His heart still had concern for his princess Ishodara and son Rahula,
Even just a tiny bit.
And he knew it.
So it showed that he hadn't got to his goal.
And at that time,
The preferred way to practice was self-torturing the body.
Could this be the way?
The bodhisattva tried to train,
Practice and do this way of self-torture.
He didn't eat.
He stopped the breath.
He clenched his tongue to the roof of his mouth.
And he ended up fainting three times.
If it was someone else,
They would have died already.
There was no other ascetic who could take it that far.
He had the higher jhānas,
And the jhānas of a bodhisattva as well.
So it was greater than others.
Until he had the wisdom that this was not the way.

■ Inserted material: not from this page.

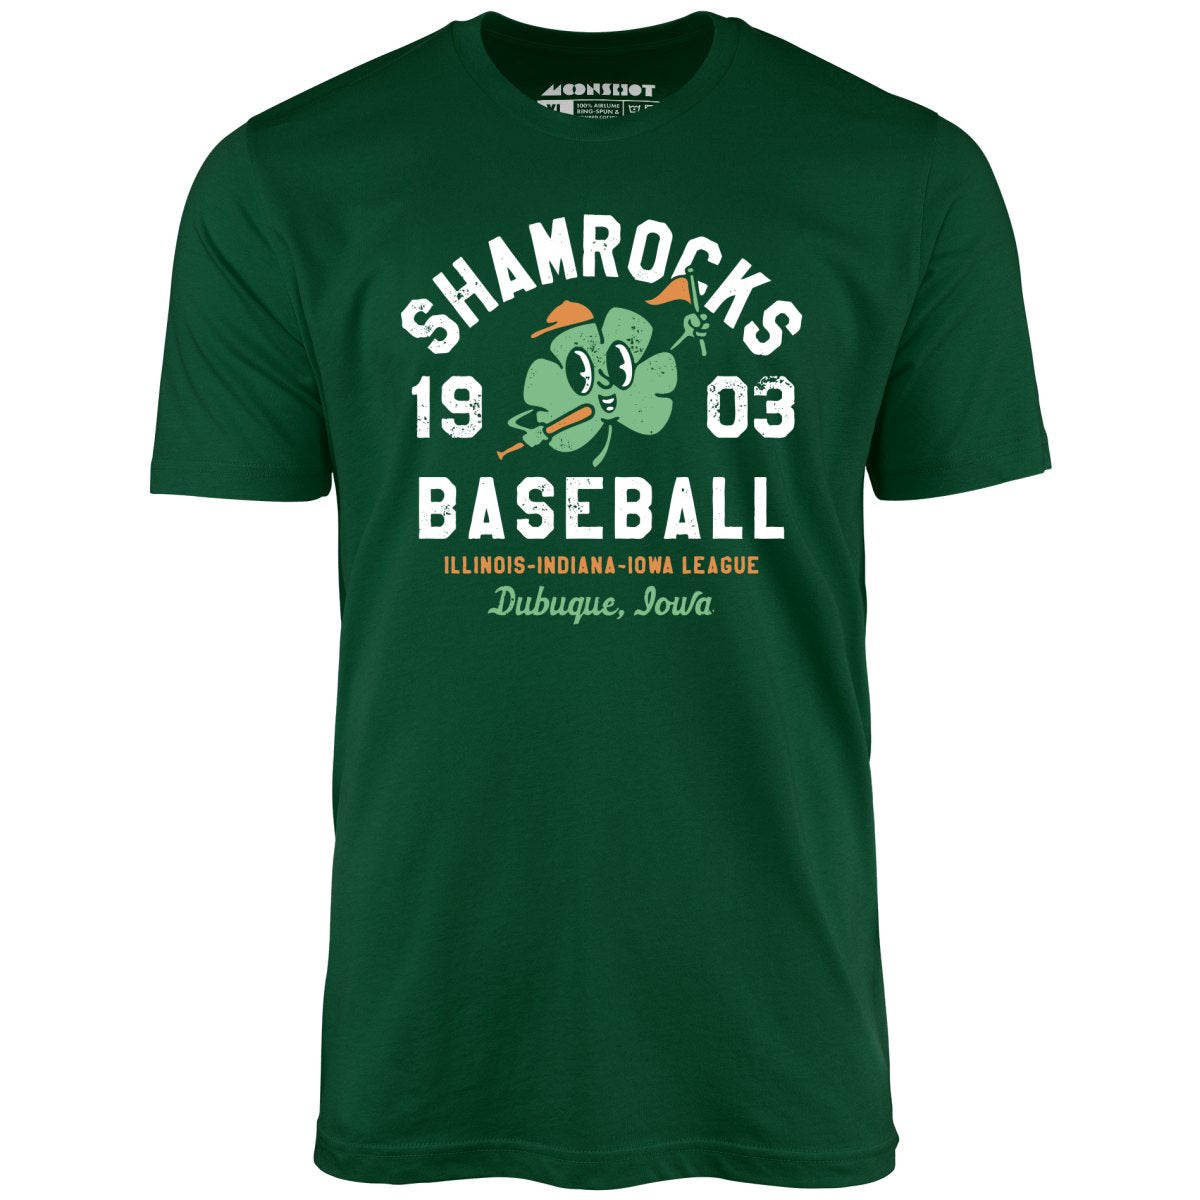 Dubuque Shamrocks - Iowa - Vintage Defunct Baseball Teams - Unisex T-Shirt

In the text of the Buddha's life,
It says,
There was a deva that played a harp with three strings.
One string was tight,
One was loose,
And one was just right and had a beautiful sound.

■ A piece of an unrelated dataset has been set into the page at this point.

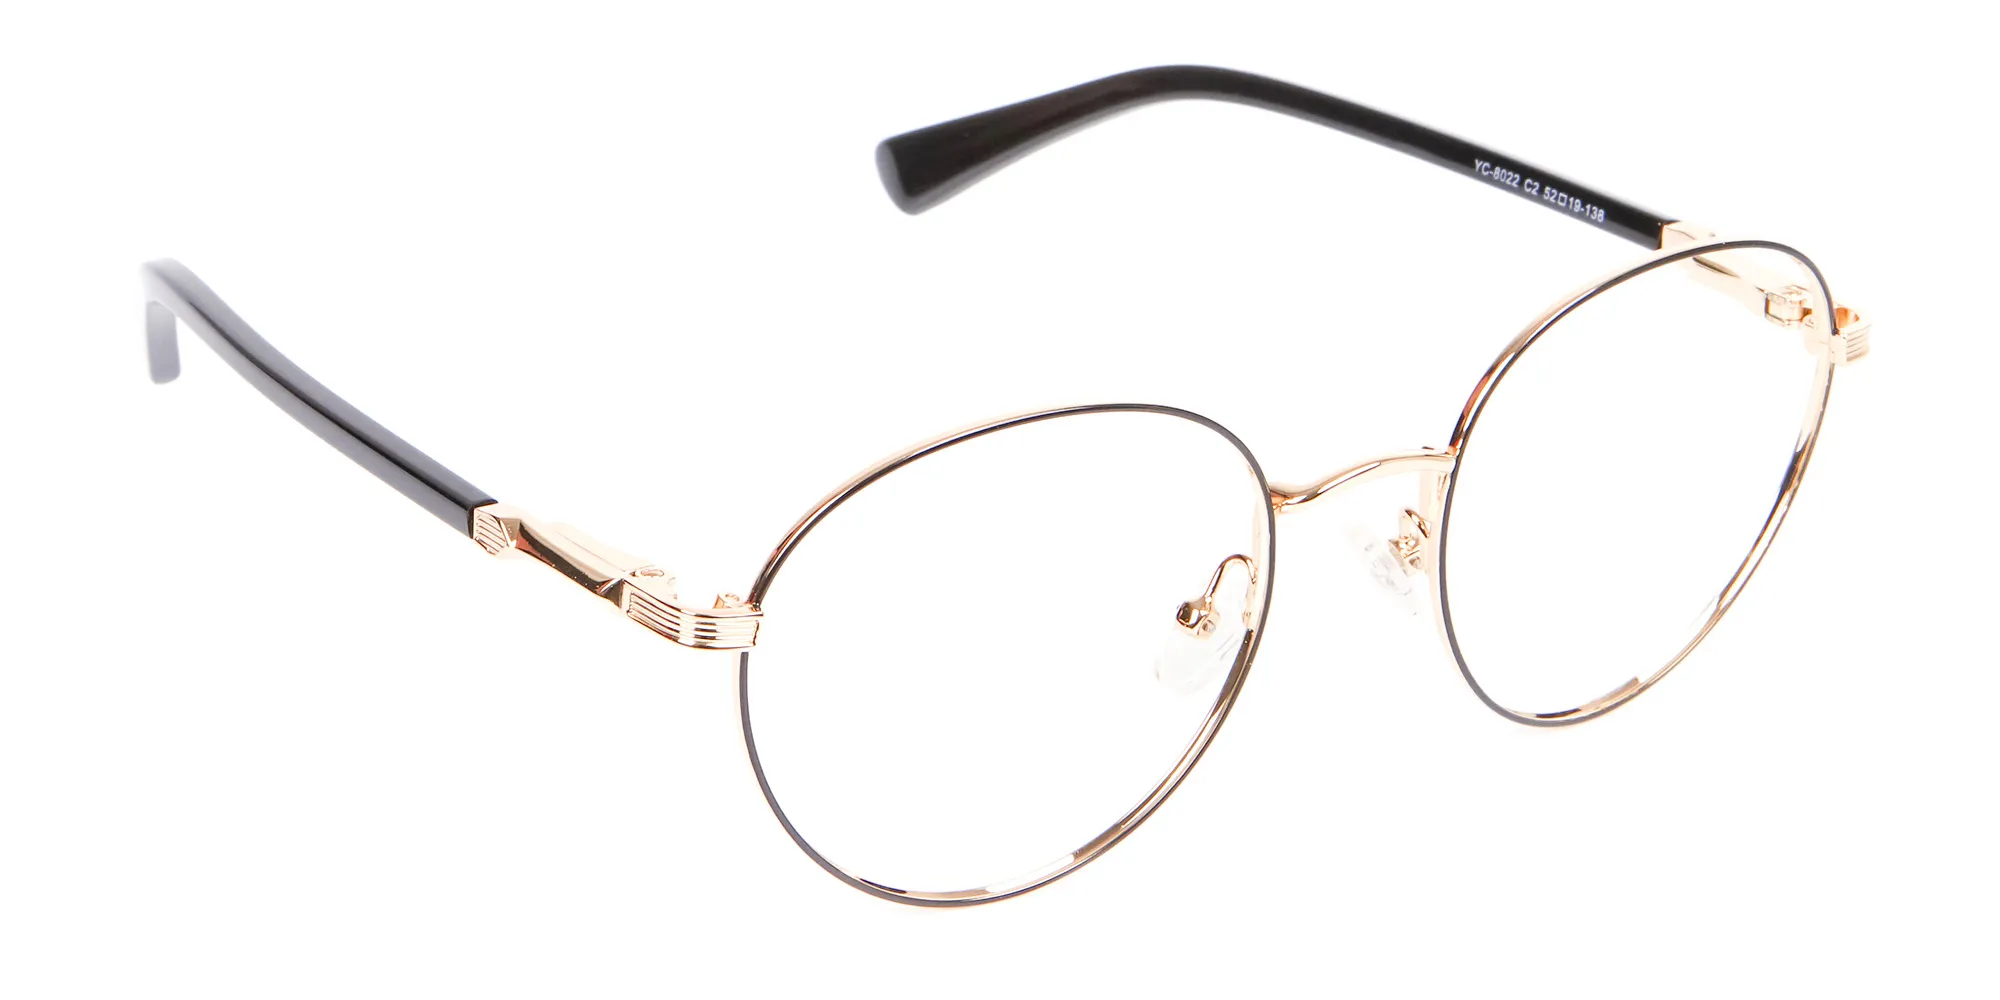 Round Gold Metal Eyeglasses Frame - 2

The strings that were too tight and too loose were not beautiful sounding.
It was a sign.
But the Buddha knew it already,
Because he had tried it out for himself and knew that it wasn't the path.
So he came back to eat food to regain his strength.

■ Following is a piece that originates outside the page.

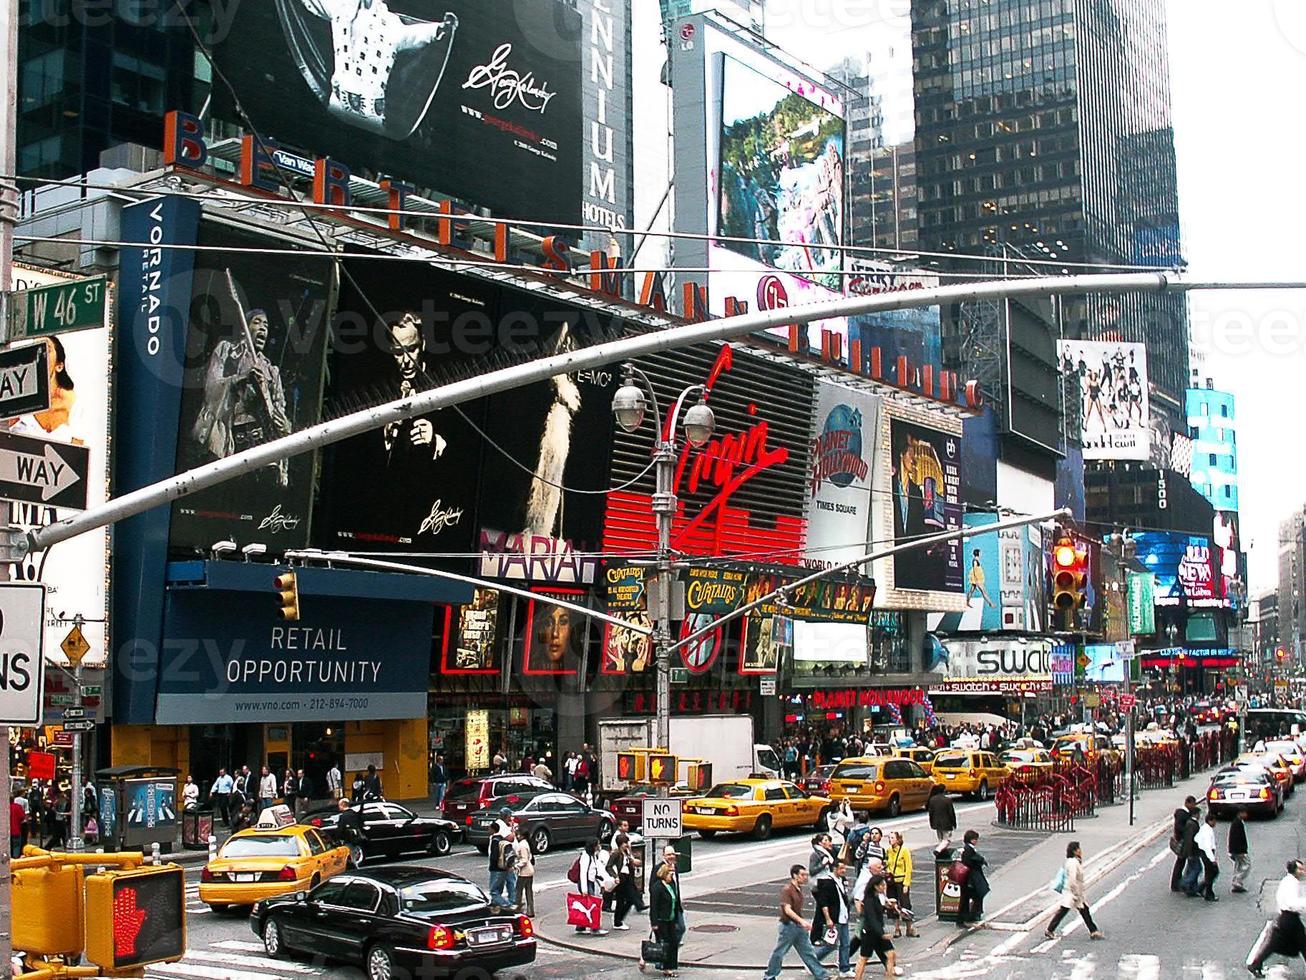 New York City 46th & Broadway photo

And on the fifteenth full moon day of the sixth lunar month,
Called Visakha,
It says in the Theravada suttas that the bodhisattva walked across the Naranjara River and meditated.
He faced the east,
As the other directions were not appropriate.
Facing east,
He sat meditation on the diamond throne,
Which was the throne of one whose mind was a diamond.
He made the mental vow to sit and either attain enlightenment or die.
There was no other way.
Before this,
He had made a mental determination to float the golden plate that Lady Sujata had placed her offering of forty-nine mouthfuls of milk rice porridge on.
If it went against the current,
Then the bodhisattva would succeed.
And so it did,
And he had gained more certainty.
And he sat meditation under the mahabodhi tree,
The banyan tree.
He determined his mind firmly,
Entering the first jhāna.
On the first watch of the night,
Between six p.
M.
And ten p.
M.
,
He gained pupe niwas anusati jhāna,
Where he could remember his past lives,
What he was born as before,
How he had built barami in that life.
The Buddha could remember many lifetimes,
And he saw that there was no end to it.
Remembering one hundred lives,
One million lives,
And there were still more lifetimes without end.
This is the cycle of saṃsāra,
Of renewed birth and death,
Being so long,
So very long.
It is enough to be weary and tired of it.
Whatever it is,
We have been it before already.
It's enough to be weary of it.
Then the Buddha contemplated further.
He entered samādhi and into jhāna.
He had cittupapattayāna,
The insight that he recollected the arising of living beings,
Coming from what karma had been made.
A being with no sīla becomes an animal,
A lower being,
Reappearing in the hell,
Ghost,
Asura,
Or animal realms.
Being a deva,
From sīla and dhamma,
From goodness.
Being a brahma,
From having developed samādhi to the level of jhāna.
Being a human,
From having the five precepts.
And receiving various types of happiness and suffering from specific karma.
It was very refined,
And the bodhisattva knew all of it.
It was just this karma that followed one.
It was karma that decides one's birth in different realms.
Karma is what gives good or bad results.
Karma is one's inheritance that follows one.
And it is our refuge and support.
Whoever does karma,
Whether good or bad,
Must receive the result of it.
So we must hold on to the principle that we will just do good karma.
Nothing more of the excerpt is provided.